Task details: Exactly as written, reproduce all of the entries.

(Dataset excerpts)

────────────────

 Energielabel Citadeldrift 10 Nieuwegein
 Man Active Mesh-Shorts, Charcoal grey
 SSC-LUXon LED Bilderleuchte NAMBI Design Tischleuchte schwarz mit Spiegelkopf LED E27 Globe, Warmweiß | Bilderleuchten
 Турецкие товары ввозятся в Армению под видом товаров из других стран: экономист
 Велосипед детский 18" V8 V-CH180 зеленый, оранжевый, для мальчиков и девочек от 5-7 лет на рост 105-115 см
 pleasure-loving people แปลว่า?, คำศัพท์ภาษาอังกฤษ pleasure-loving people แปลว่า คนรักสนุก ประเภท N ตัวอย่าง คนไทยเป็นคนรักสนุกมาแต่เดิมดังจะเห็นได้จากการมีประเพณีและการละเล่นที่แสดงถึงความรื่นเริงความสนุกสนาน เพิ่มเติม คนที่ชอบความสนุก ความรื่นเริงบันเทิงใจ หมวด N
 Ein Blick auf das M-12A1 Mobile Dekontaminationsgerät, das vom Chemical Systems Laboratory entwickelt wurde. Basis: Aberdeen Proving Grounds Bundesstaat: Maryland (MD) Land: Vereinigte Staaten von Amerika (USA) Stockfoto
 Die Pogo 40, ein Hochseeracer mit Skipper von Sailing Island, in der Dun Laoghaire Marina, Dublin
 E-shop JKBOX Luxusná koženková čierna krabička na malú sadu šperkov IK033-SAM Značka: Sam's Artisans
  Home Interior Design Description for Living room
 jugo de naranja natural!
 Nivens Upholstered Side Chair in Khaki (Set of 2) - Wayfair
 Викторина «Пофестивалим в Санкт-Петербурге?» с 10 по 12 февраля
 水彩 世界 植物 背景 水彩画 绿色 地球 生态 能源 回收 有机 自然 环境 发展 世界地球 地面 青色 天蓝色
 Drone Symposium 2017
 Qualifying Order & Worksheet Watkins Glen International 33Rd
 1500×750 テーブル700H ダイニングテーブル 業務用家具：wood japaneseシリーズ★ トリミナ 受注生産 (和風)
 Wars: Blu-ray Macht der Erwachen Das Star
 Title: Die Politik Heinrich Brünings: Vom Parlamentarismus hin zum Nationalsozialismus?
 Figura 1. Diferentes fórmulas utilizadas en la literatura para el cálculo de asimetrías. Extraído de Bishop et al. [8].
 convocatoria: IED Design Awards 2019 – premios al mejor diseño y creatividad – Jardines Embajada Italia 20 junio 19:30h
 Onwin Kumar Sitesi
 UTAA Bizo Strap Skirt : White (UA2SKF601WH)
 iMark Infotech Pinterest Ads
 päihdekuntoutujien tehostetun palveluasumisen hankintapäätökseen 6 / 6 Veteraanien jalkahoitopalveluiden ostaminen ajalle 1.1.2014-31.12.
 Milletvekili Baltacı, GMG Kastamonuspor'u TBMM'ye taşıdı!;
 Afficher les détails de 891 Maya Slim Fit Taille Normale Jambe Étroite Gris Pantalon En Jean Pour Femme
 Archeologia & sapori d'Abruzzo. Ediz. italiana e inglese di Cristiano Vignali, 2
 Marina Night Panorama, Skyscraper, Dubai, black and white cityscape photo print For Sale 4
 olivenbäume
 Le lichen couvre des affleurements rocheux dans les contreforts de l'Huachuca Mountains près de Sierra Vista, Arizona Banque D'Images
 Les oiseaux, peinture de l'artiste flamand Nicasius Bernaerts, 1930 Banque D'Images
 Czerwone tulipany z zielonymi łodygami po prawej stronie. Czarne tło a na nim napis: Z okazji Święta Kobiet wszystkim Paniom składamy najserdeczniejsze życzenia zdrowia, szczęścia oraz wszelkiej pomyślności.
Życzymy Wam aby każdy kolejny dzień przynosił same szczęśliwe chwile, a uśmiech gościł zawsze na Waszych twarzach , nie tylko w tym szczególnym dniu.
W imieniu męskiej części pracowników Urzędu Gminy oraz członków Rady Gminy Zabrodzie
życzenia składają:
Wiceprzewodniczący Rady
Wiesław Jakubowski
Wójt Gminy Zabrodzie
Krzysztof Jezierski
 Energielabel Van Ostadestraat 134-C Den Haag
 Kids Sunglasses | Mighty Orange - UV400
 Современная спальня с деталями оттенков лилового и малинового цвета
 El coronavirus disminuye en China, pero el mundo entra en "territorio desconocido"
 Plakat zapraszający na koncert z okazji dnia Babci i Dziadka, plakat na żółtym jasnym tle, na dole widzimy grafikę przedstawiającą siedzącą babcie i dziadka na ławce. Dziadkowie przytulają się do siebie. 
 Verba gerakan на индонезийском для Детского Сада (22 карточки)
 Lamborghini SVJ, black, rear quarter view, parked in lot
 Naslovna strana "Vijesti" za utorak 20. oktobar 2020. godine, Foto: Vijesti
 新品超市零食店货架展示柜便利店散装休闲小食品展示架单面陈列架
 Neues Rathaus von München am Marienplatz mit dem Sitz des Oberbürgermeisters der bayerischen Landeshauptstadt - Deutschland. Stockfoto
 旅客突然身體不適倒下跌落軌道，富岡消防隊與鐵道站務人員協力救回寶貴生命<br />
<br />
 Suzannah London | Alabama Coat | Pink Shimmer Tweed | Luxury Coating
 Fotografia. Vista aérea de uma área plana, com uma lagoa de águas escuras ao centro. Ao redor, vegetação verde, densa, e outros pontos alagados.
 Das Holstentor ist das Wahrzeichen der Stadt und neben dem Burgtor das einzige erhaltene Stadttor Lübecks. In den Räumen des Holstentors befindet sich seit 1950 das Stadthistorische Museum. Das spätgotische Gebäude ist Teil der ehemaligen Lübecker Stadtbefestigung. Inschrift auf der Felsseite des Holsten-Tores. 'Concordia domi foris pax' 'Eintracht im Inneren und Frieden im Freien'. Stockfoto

────────────────

Your solution:
 Energielabel Citadeldrift 10 Nieuwegein
 Man Active Mesh-Shorts, Charcoal grey
 SSC-LUXon LED Bilderleuchte NAMBI Design Tischleuchte schwarz mit Spiegelkopf LED E27 Globe, Warmweiß | Bilderleuchten
 Турецкие товары ввозятся в Армению под видом товаров из других стран: экономист
 Велосипед детский 18" V8 V-CH180 зеленый, оранжевый, для мальчиков и девочек от 5-7 лет на рост 105-115 см
 pleasure-loving people แปลว่า?, คำศัพท์ภาษาอังกฤษ pleasure-loving people แปลว่า คนรักสนุก ประเภท N ตัวอย่าง คนไทยเป็นคนรักสนุกมาแต่เดิมดังจะเห็นได้จากการมีประเพณีและการละเล่นที่แสดงถึงความรื่นเริงความสนุกสนาน เพิ่มเติม คนที่ชอบความสนุก ความรื่นเริงบันเทิงใจ หมวด N
 Ein Blick auf das M-12A1 Mobile Dekontaminationsgerät, das vom Chemical Systems Laboratory entwickelt wurde. Basis: Aberdeen Proving Grounds Bundesstaat: Maryland (MD) Land: Vereinigte Staaten von Amerika (USA) Stockfoto
 Die Pogo 40, ein Hochseeracer mit Skipper von Sailing Island, in der Dun Laoghaire Marina, Dublin
 E-shop JKBOX Luxusná koženková čierna krabička na malú sadu šperkov IK033-SAM Značka: Sam's Artisans
  Home Interior Design Description for Living room
 jugo de naranja natural!
 Nivens Upholstered Side Chair in Khaki (Set of 2) - Wayfair
 Викторина «Пофестивалим в Санкт-Петербурге?» с 10 по 12 февраля
 水彩 世界 植物 背景 水彩画 绿色 地球 生态 能源 回收 有机 自然 环境 发展 世界地球 地面 青色 天蓝色
 Drone Symposium 2017
 Qualifying Order & Worksheet Watkins Glen International 33Rd
 1500×750 テーブル700H ダイニングテーブル 業務用家具：wood japaneseシリーズ★ トリミナ 受注生産 (和風)
 Wars: Blu-ray Macht der Erwachen Das Star
 Title: Die Politik Heinrich Brünings: Vom Parlamentarismus hin zum Nationalsozialismus?
 Figura 1. Diferentes fórmulas utilizadas en la literatura para el cálculo de asimetrías. Extraído de Bishop et al. [8].
 convocatoria: IED Design Awards 2019 – premios al mejor diseño y creatividad – Jardines Embajada Italia 20 junio 19:30h
 Onwin Kumar Sitesi
 UTAA Bizo Strap Skirt : White (UA2SKF601WH)
 iMark Infotech Pinterest Ads
 päihdekuntoutujien tehostetun palveluasumisen hankintapäätökseen 6 / 6 Veteraanien jalkahoitopalveluiden ostaminen ajalle 1.1.2014-31.12.
 Milletvekili Baltacı, GMG Kastamonuspor'u TBMM'ye taşıdı!;
 Afficher les détails de 891 Maya Slim Fit Taille Normale Jambe Étroite Gris Pantalon En Jean Pour Femme
 Archeologia & sapori d'Abruzzo. Ediz. italiana e inglese di Cristiano Vignali, 2
 Marina Night Panorama, Skyscraper, Dubai, black and white cityscape photo print For Sale 4
 olivenbäume
 Le lichen couvre des affleurements rocheux dans les contreforts de l'Huachuca Mountains près de Sierra Vista, Arizona Banque D'Images
 Les oiseaux, peinture de l'artiste flamand Nicasius Bernaerts, 1930 Banque D'Images
 Czerwone tulipany z zielonymi łodygami po prawej stronie. Czarne tło a na nim napis: Z okazji Święta Kobiet wszystkim Paniom składamy najserdeczniejsze życzenia zdrowia, szczęścia oraz wszelkiej pomyślności.
Życzymy Wam aby każdy kolejny dzień przynosił same szczęśliwe chwile, a uśmiech gościł zawsze na Waszych twarzach , nie tylko w tym szczególnym dniu.
W imieniu męskiej części pracowników Urzędu Gminy oraz członków Rady Gminy Zabrodzie
życzenia składają:
Wiceprzewodniczący Rady
Wiesław Jakubowski
Wójt Gminy Zabrodzie
Krzysztof Jezierski
 Energielabel Van Ostadestraat 134-C Den Haag
 Kids Sunglasses | Mighty Orange - UV400
 Современная спальня с деталями оттенков лилового и малинового цвета
 El coronavirus disminuye en China, pero el mundo entra en "territorio desconocido"
 Plakat zapraszający na koncert z okazji dnia Babci i Dziadka, plakat na żółtym jasnym tle, na dole widzimy grafikę przedstawiającą siedzącą babcie i dziadka na ławce. Dziadkowie przytulają się do siebie. 
 Verba gerakan на индонезийском для Детского Сада (22 карточки)
 Lamborghini SVJ, black, rear quarter view, parked in lot
 Naslovna strana "Vijesti" za utorak 20. oktobar 2020. godine, Foto: Vijesti
 新品超市零食店货架展示柜便利店散装休闲小食品展示架单面陈列架
 Neues Rathaus von München am Marienplatz mit dem Sitz des Oberbürgermeisters der bayerischen Landeshauptstadt - Deutschland. Stockfoto
 旅客突然身體不適倒下跌落軌道，富岡消防隊與鐵道站務人員協力救回寶貴生命<br />
<br />
 Suzannah London | Alabama Coat | Pink Shimmer Tweed | Luxury Coating
 Fotografia. Vista aérea de uma área plana, com uma lagoa de águas escuras ao centro. Ao redor, vegetação verde, densa, e outros pontos alagados.
 Das Holstentor ist das Wahrzeichen der Stadt und neben dem Burgtor das einzige erhaltene Stadttor Lübecks. In den Räumen des Holstentors befindet sich seit 1950 das Stadthistorische Museum. Das spätgotische Gebäude ist Teil der ehemaligen Lübecker Stadtbefestigung. Inschrift auf der Felsseite des Holsten-Tores. 'Concordia domi foris pax' 'Eintracht im Inneren und Frieden im Freien'. Stockfoto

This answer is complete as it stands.